I got the letter yesterday, stating that_ "Your Spectrum TV Gold package will no longer include Cinemax and Epix. These channels will be available for subscription as a la carte services only"_.

Effective Feb 15.

I can't remember last time I watched Cinemax and not sure, but might have something on Epix.

As mentioned before on this subject, I don't get and have never before seen the removing of channels without reducing the price deal. It's kind of tough to swallow the notion that they will remove channels at the same price we pay now for a package that includes those channels. It was never a promo deal. It was the package.


----------



## Cainebj (Nov 11, 2006)

Bierboy said:


> Why not?
> We cut the cord two years ago, use a Roamio OTA, have fiber internet (200/75), subscribe to Hulu, and piggyback on our son's Netflix and Prime. We're still paying about half of what we paid for cable...

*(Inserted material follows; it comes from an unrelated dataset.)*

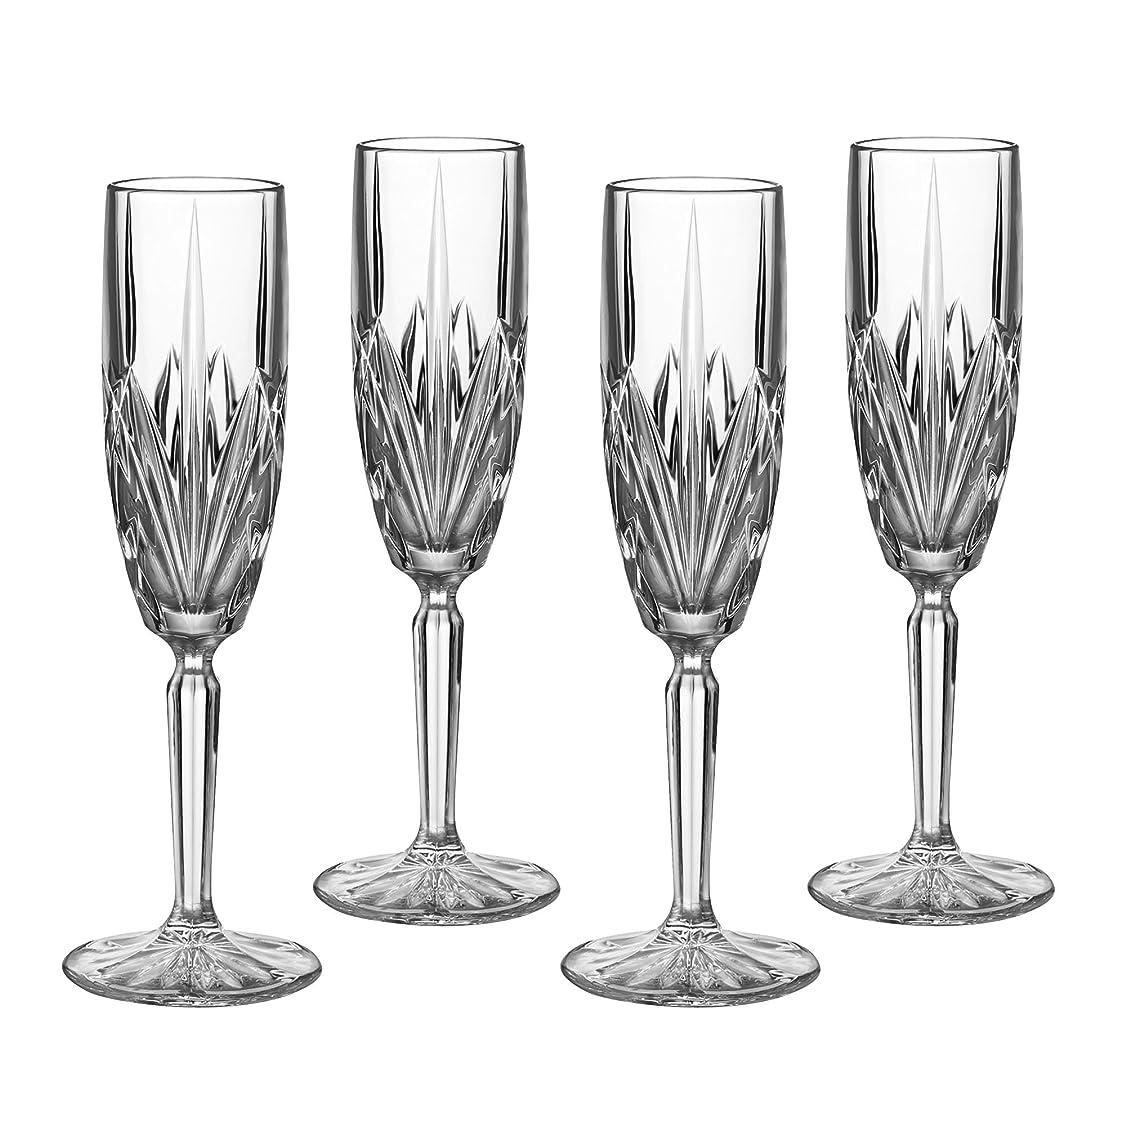 失礼添加意志Marquis by Waterford Brookside 6-Ounce Champagne Flutes, Set of 4 by Marquis By Waterford
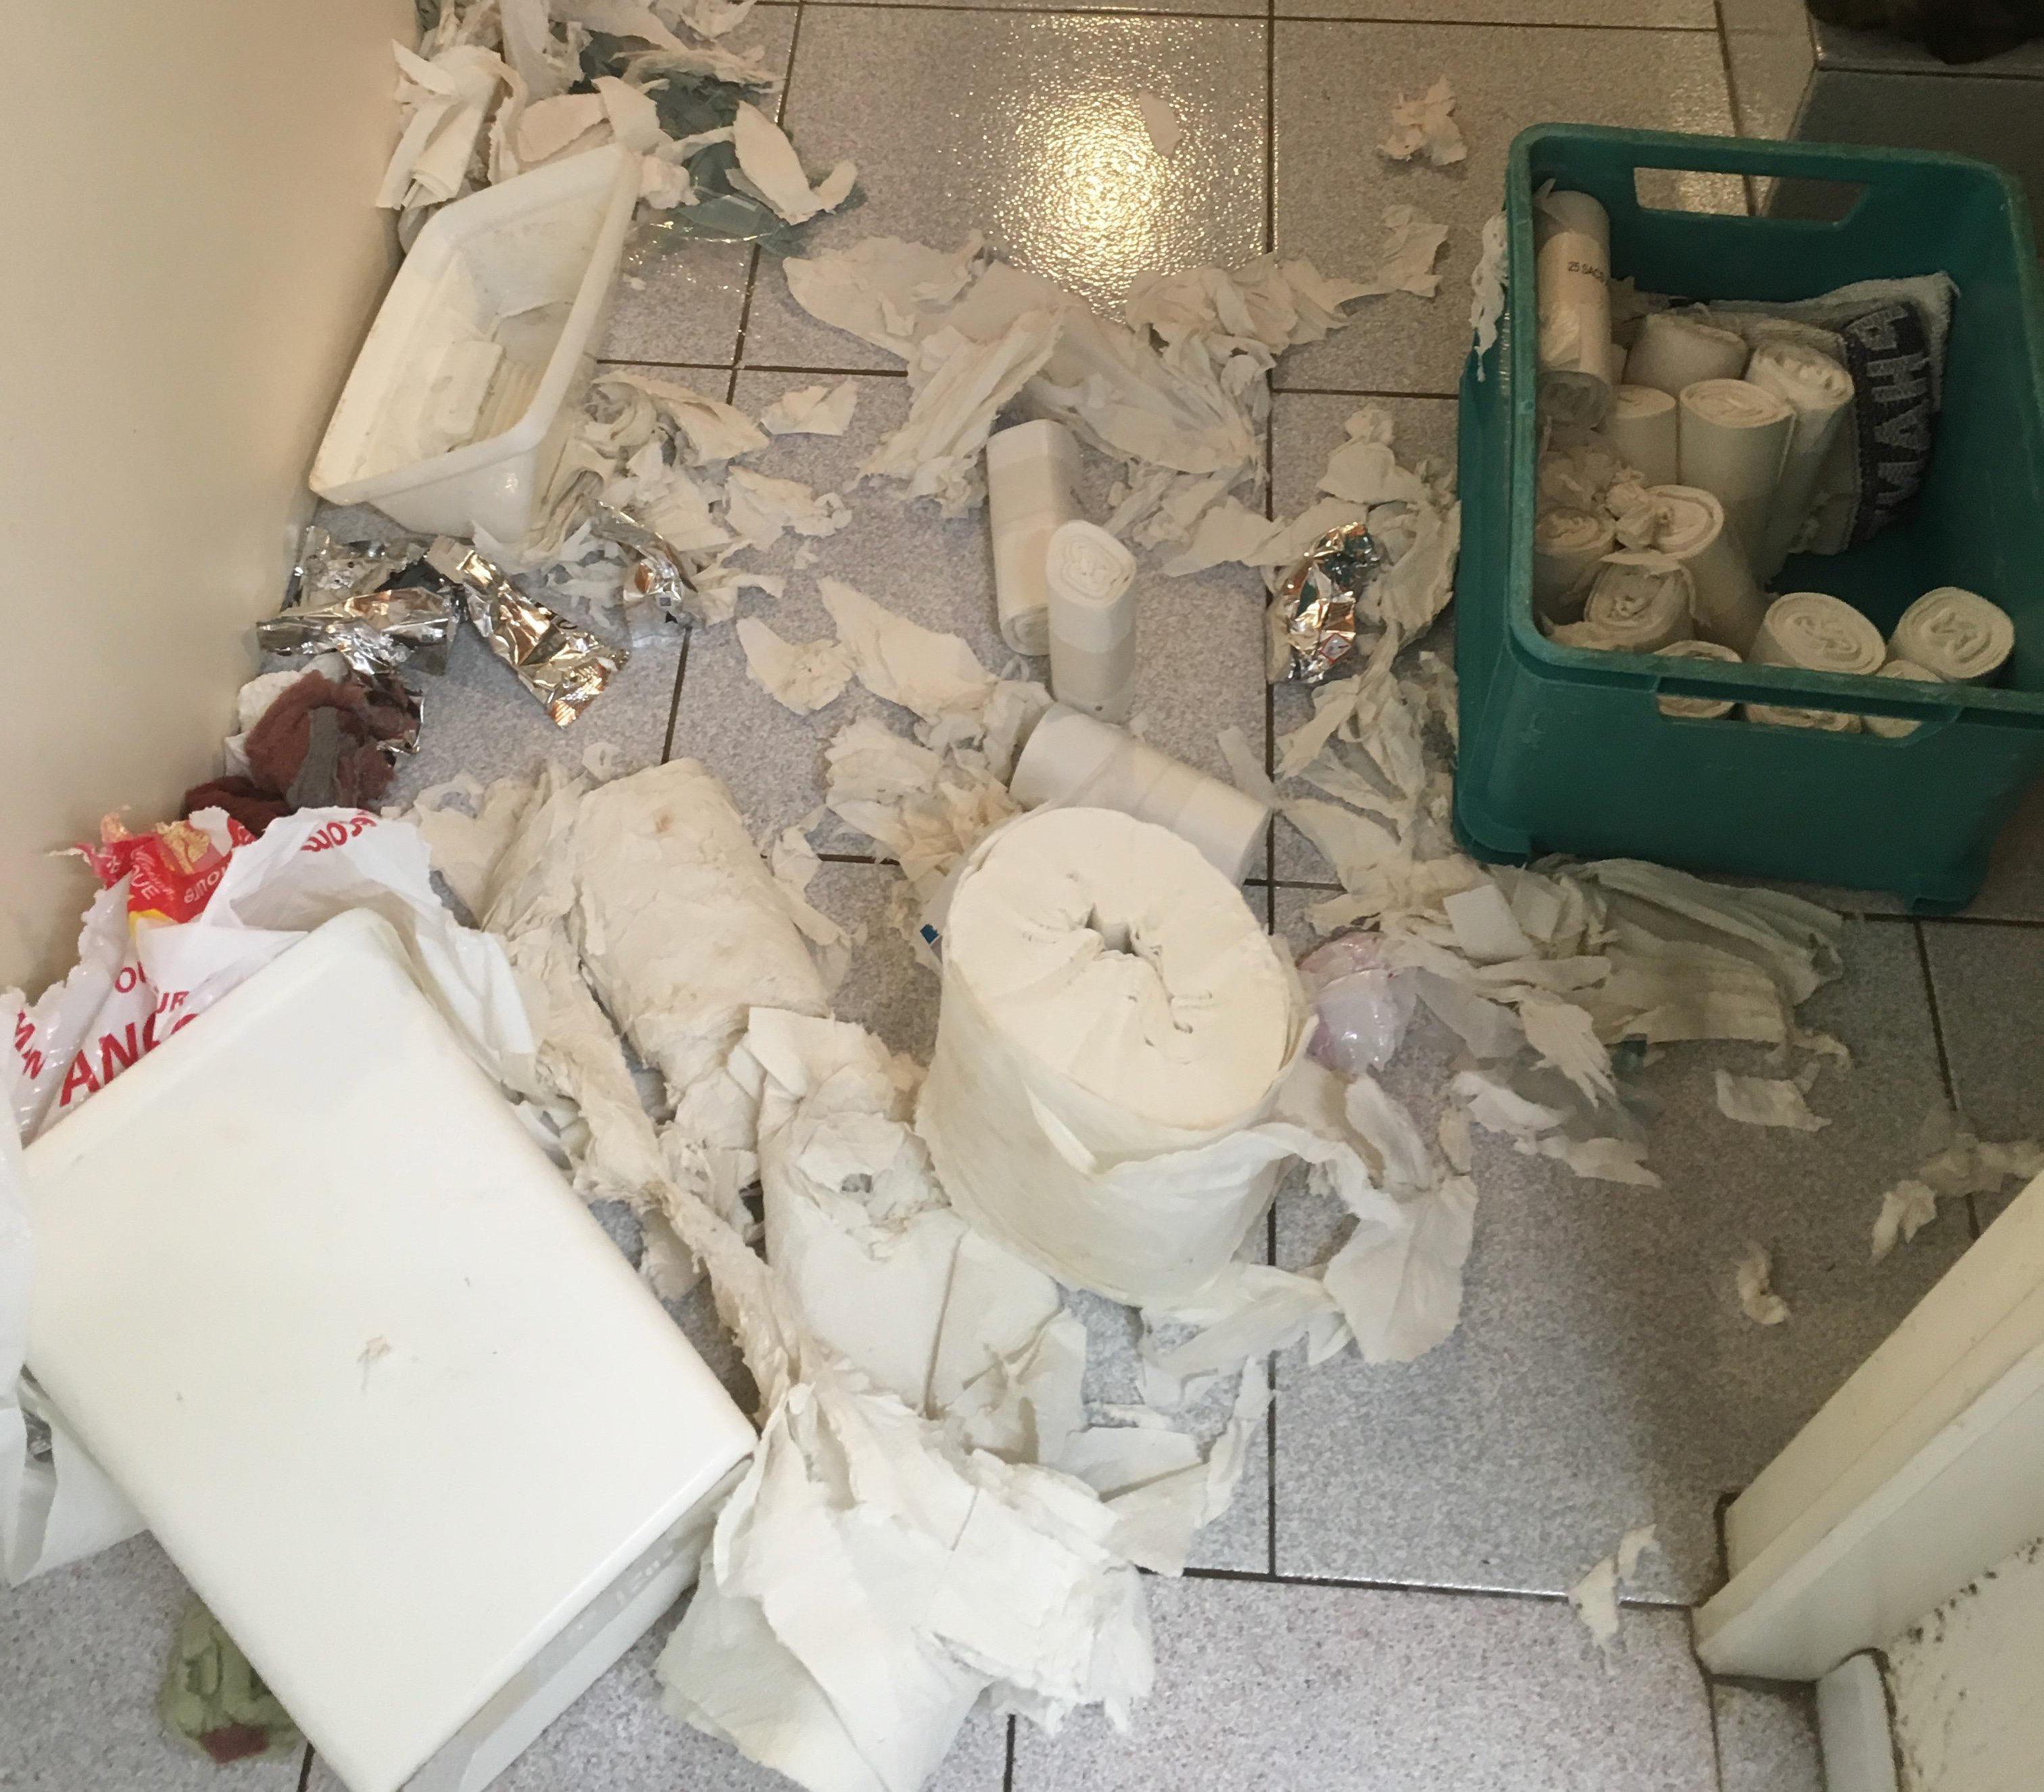 Poubelle éventrée et papiers qui jonchent le sol

I live in midtown Manhattan - I just always assumed I would get no reception and I don't even know where I would put an antenna. The ones I looked at were those weird things you have to attach to your window. Very attractive. Do you use an antenna?


----------



## Bierboy (Jun 12, 2004)

Cainebj said:


> I live in midtown Manhattan - I just always assumed I would get no reception and I don't even know where I would put an antenna. The ones I looked at were those weird things you have to attach to your window. Very attractive. Do you use an antenna?


Yes...this one...and this one. Second one works the best. Both used indoors.


----------



## Cainebj (Nov 11, 2006)

Thanks - yeah the first one is the kind I was looking at... I supposed I should give it a try and see what happens.


----------



## cannonz (Oct 23, 2011)

I have been wanting to switch over to one of Spectrum plans but was worried would lose the free Showtime I got after complaining about that rude bhnexpert jerk years ago. I have heard can swap some or all of my DTA's for full boxes without changing plan but not sure if true.


----------



## Thomas Welch (Mar 8, 2019)

I've not gotten anything from Charter/Spectrum but I did notice that the Cinemax channels disappeared from my set top box several weeks ago. However, I noticed something odd. I still have all the Cinemax channels via the Spectrum App on my phone, tablet, pc and on the Spectrum channel on my Roku. They'll probably catch up with these streams eventually.


----------



## sharkster (Jul 3, 2004)

I'd forgotten all about this. I was just waiting for the Tivo message that all these channels (Epix & Cinemax channels here) were deleted and they never were.

Yet, there is nothing there so I just deleted them from my scroll.

As much as you pay for cable/internet/landline, I really don't get asking people to pay more for the channels they've always had. Oh well. We pay about $235 a month for all three services. For cable that includes 3 cable boxes, 2 cable cards, and all the premium channels. Well, it used to.


----------



## hizhonor (Feb 4, 2002)

sharkster said:


> .....
> 
> As much as you pay for cable/internet/landline, I really don't get asking people to pay more for the channels they've always had. Oh well. We pay about $235 a month for all three services. For cable that includes 3 cable boxes, 2 cable cards, and all the premium channels. Well, it used to.


It was a value proposition for me. Charter/Spectrum's decision to remove channels that had always been part of the package gave me the incentive to just drop all of the premium channels For my account. I don't think I'll miss them.


----------